= Description of the task =
For the entries below, copy exactly the line that contains "Tour 2019 アジアプレミア」の写真" through the line that contains "Майка T-Shirt DEHA", both ends included, and exclude all pictures.

= Available records =
= = = =

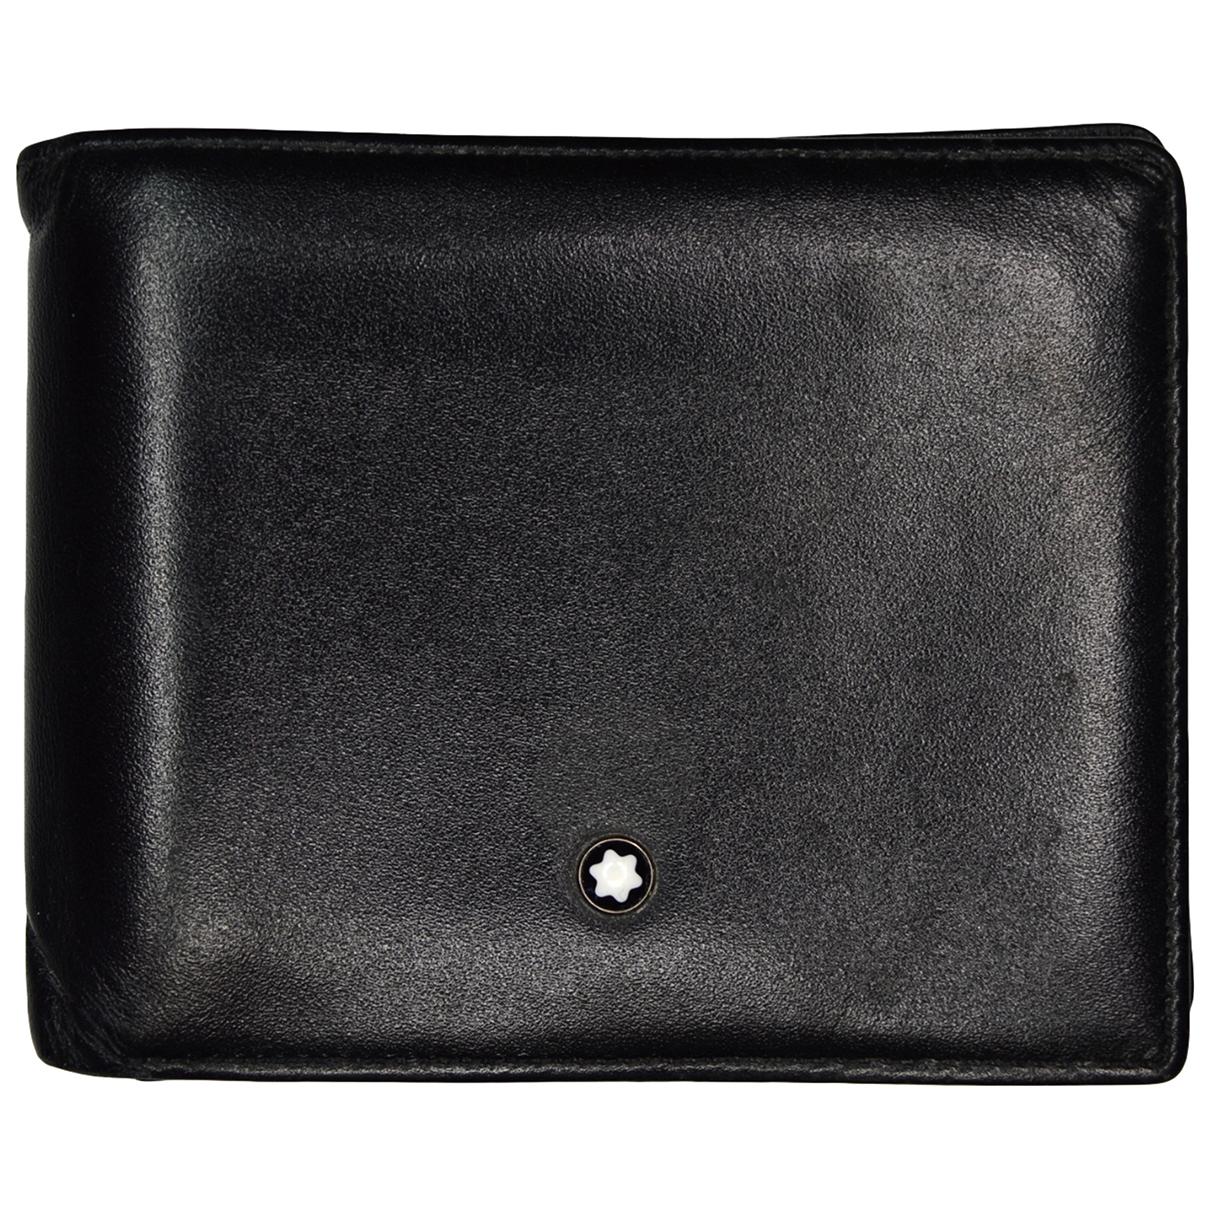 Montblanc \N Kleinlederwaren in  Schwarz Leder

= = = =

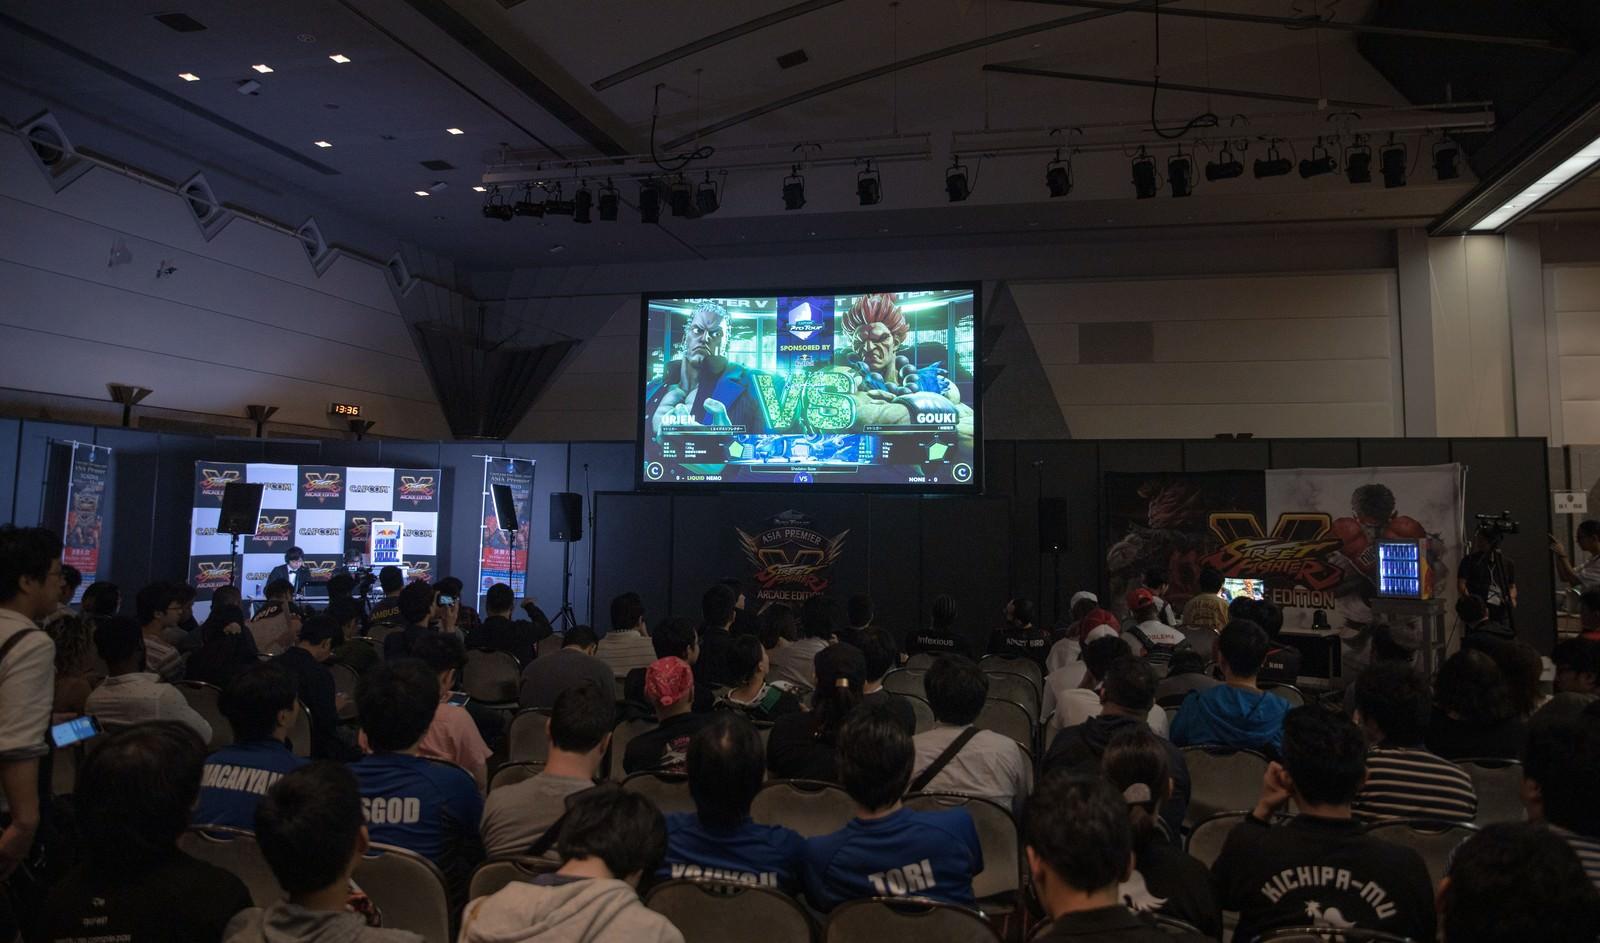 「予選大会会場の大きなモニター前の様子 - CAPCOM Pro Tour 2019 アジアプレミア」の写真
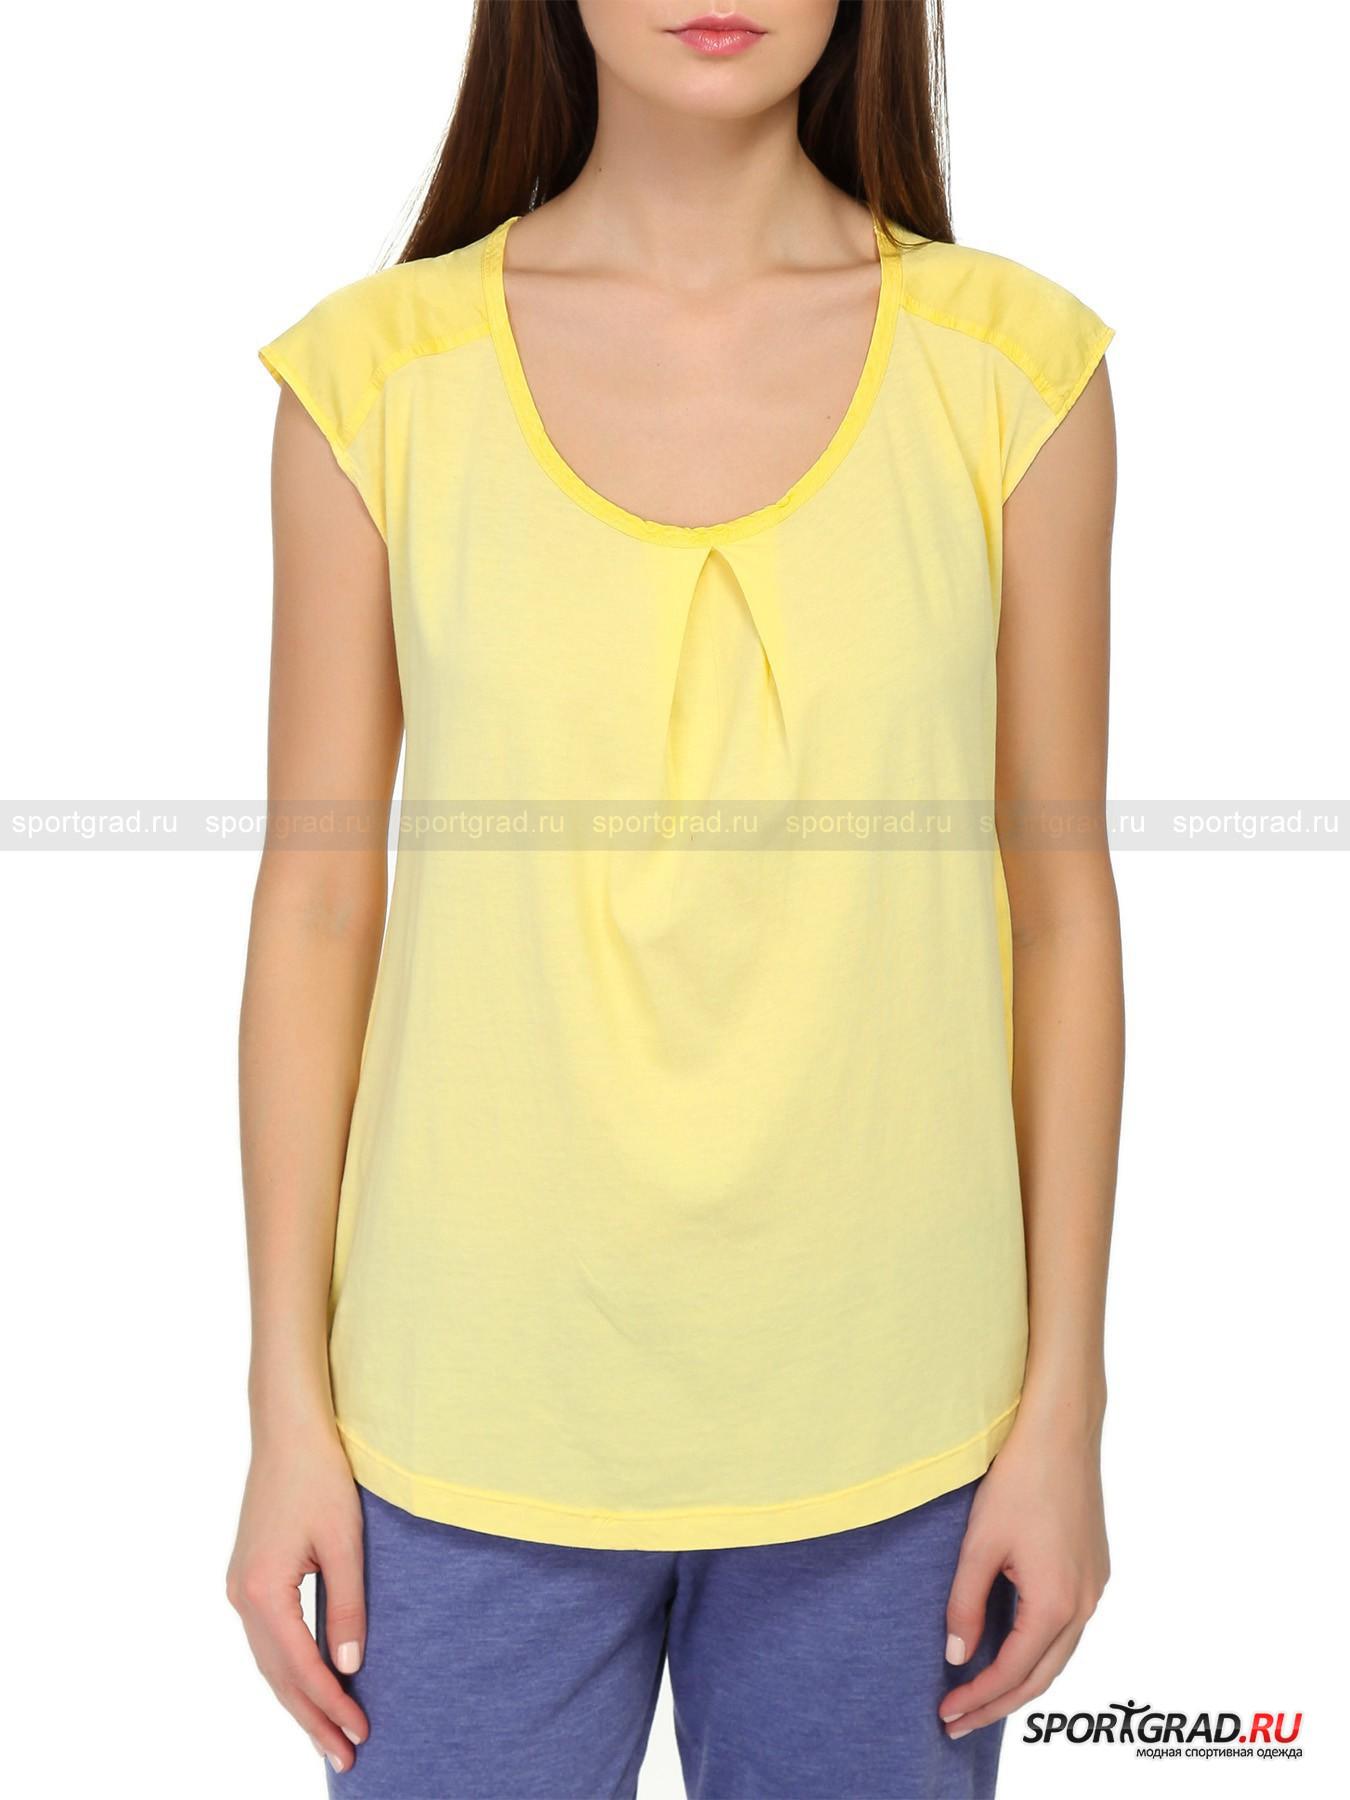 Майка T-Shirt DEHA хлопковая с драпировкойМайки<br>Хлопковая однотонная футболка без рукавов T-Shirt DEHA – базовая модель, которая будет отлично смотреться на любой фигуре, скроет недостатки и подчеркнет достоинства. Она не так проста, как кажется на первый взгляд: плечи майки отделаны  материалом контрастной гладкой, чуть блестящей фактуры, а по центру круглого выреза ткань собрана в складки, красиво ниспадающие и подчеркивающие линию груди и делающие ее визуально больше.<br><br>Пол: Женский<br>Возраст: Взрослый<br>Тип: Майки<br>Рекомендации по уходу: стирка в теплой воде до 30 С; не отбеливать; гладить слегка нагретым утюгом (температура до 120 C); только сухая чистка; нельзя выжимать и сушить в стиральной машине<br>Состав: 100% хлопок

= = = =

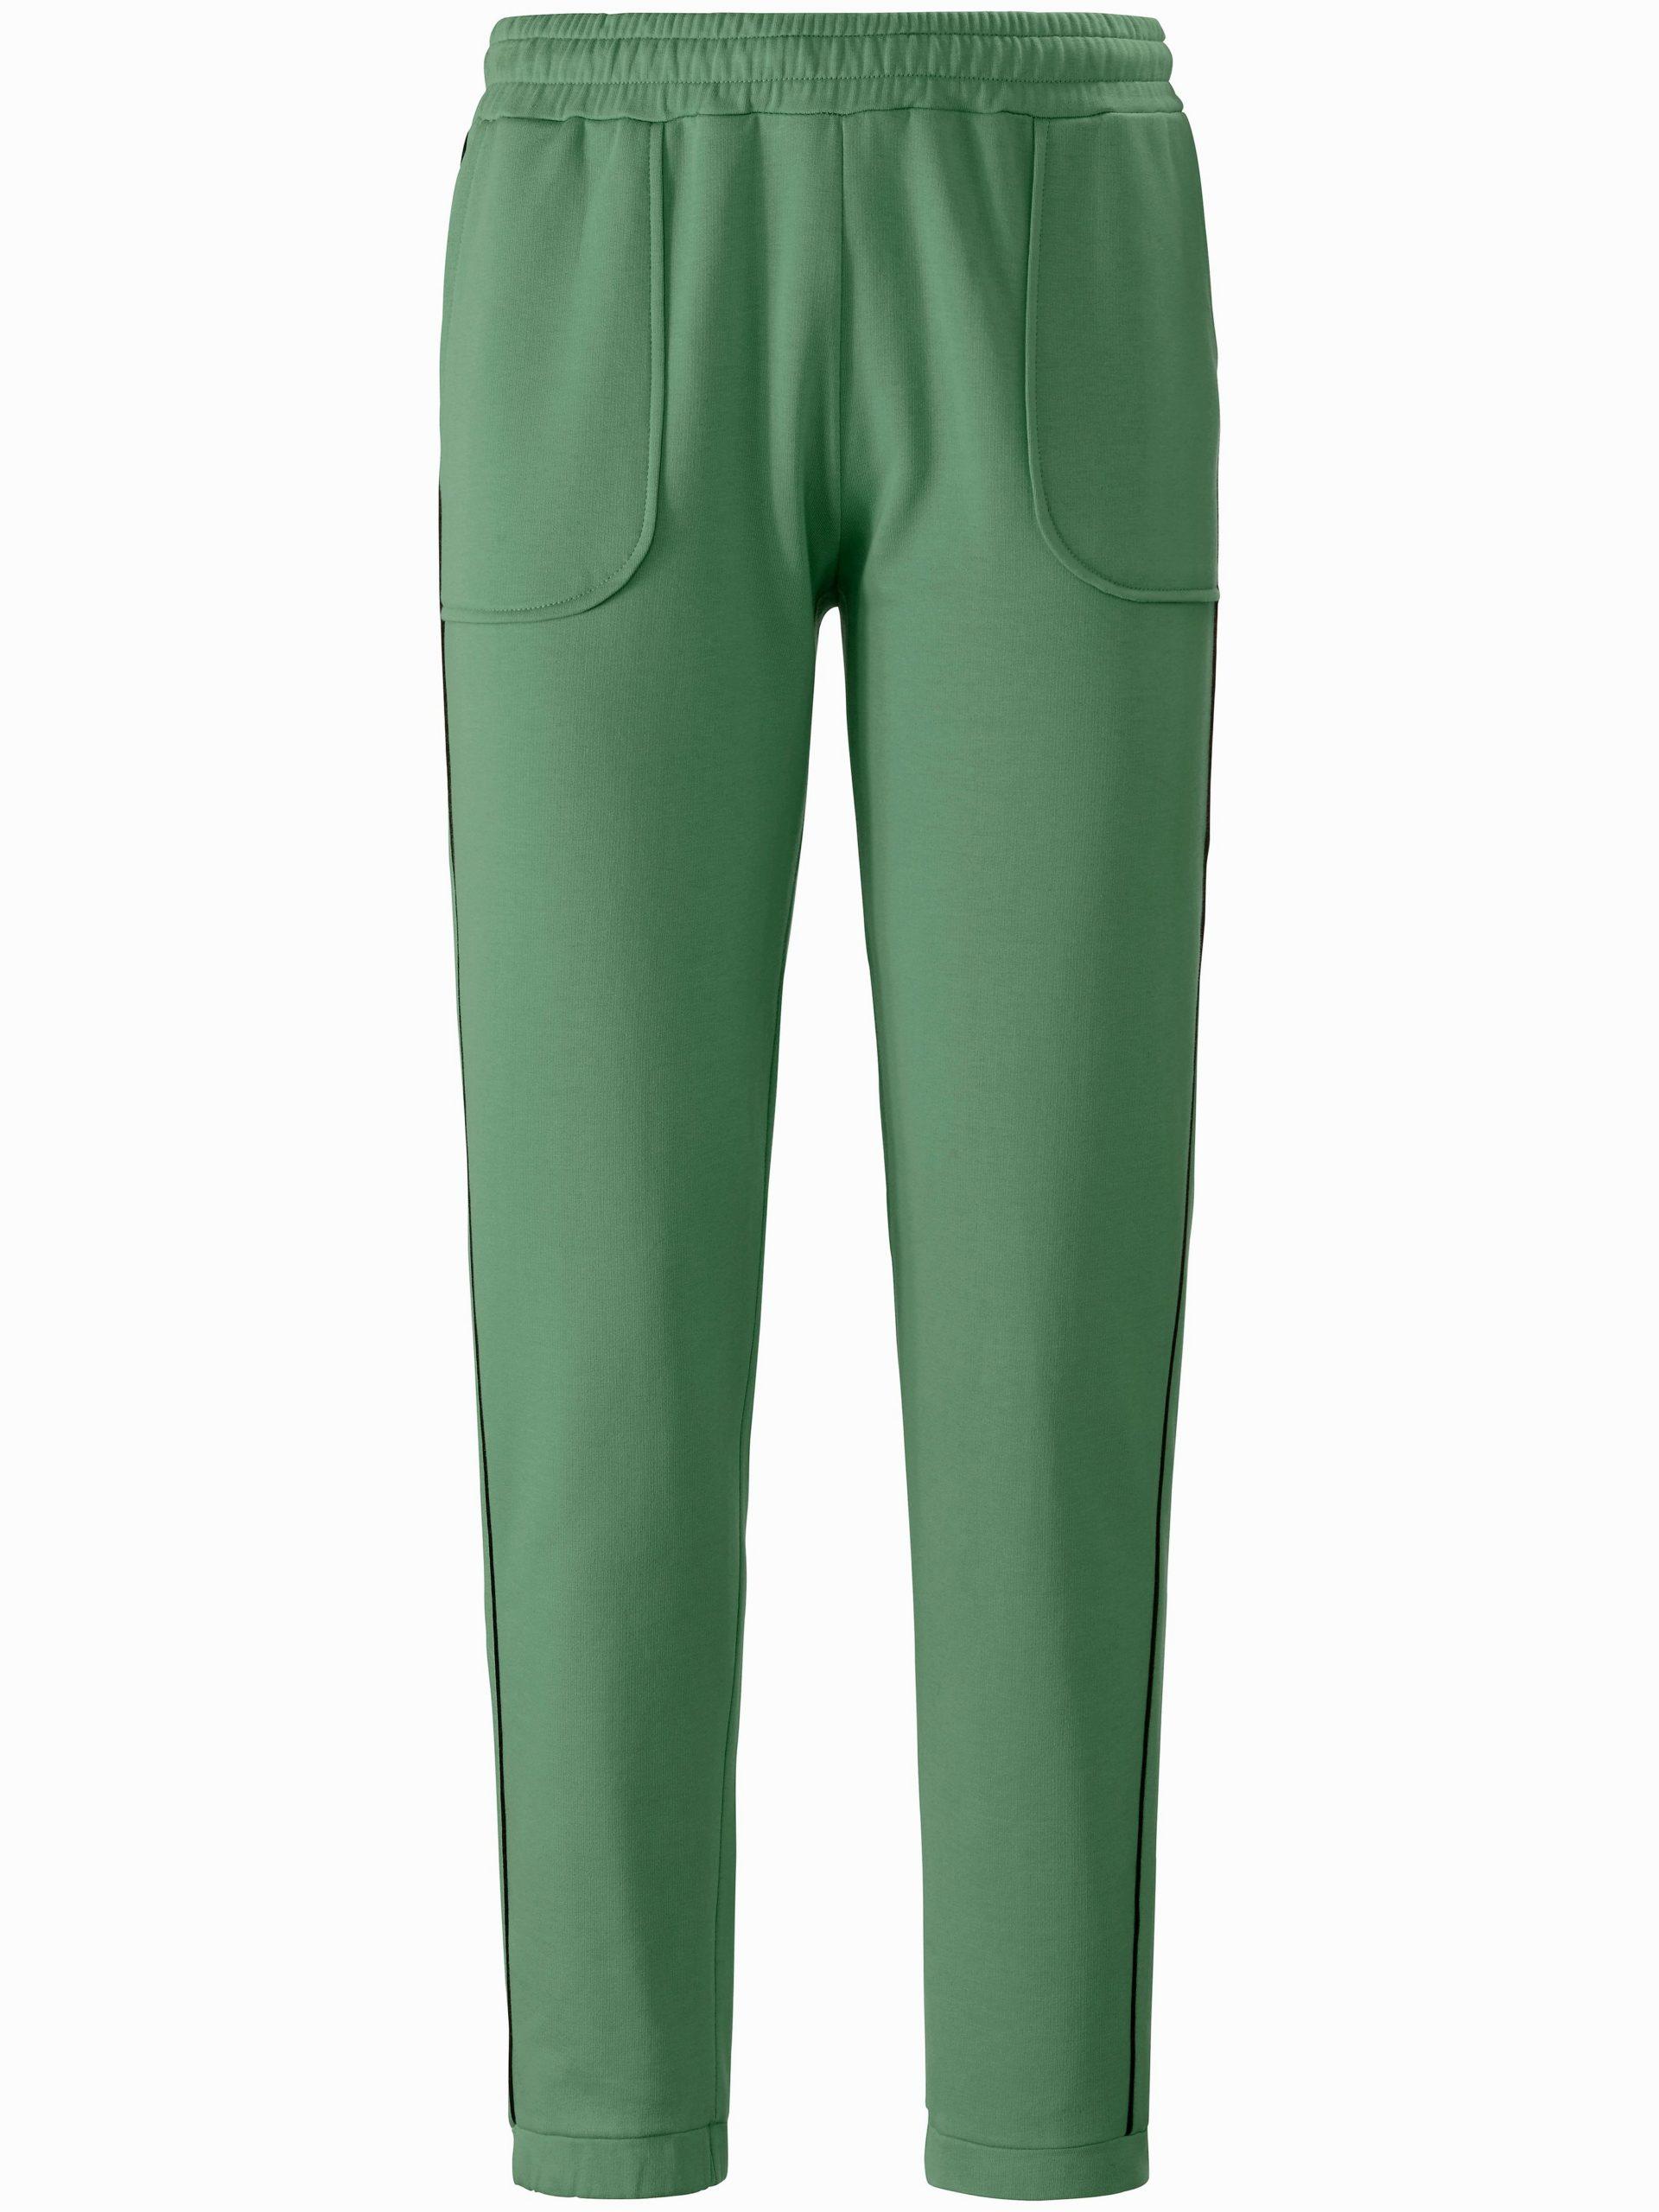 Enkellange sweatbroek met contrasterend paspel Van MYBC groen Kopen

= = = =

= Answer space =
 「予選大会会場の大きなモニター前の様子 - CAPCOM Pro Tour 2019 アジアプレミア」の写真
 Майка T-Shirt DEHA хлопковая с драпировкойМайки<br>Хлопковая однотонная футболка без рукавов T-Shirt DEHA – базовая модель, которая будет отлично смотреться на любой фигуре, скроет недостатки и подчеркнет достоинства. Она не так проста, как кажется на первый взгляд: плечи майки отделаны  материалом контрастной гладкой, чуть блестящей фактуры, а по центру круглого выреза ткань собрана в складки, красиво ниспадающие и подчеркивающие линию груди и делающие ее визуально больше.<br><br>Пол: Женский<br>Возраст: Взрослый<br>Тип: Майки<br>Рекомендации по уходу: стирка в теплой воде до 30 С; не отбеливать; гладить слегка нагретым утюгом (температура до 120 C); только сухая чистка; нельзя выжимать и сушить в стиральной машине<br>Состав: 100% хлопок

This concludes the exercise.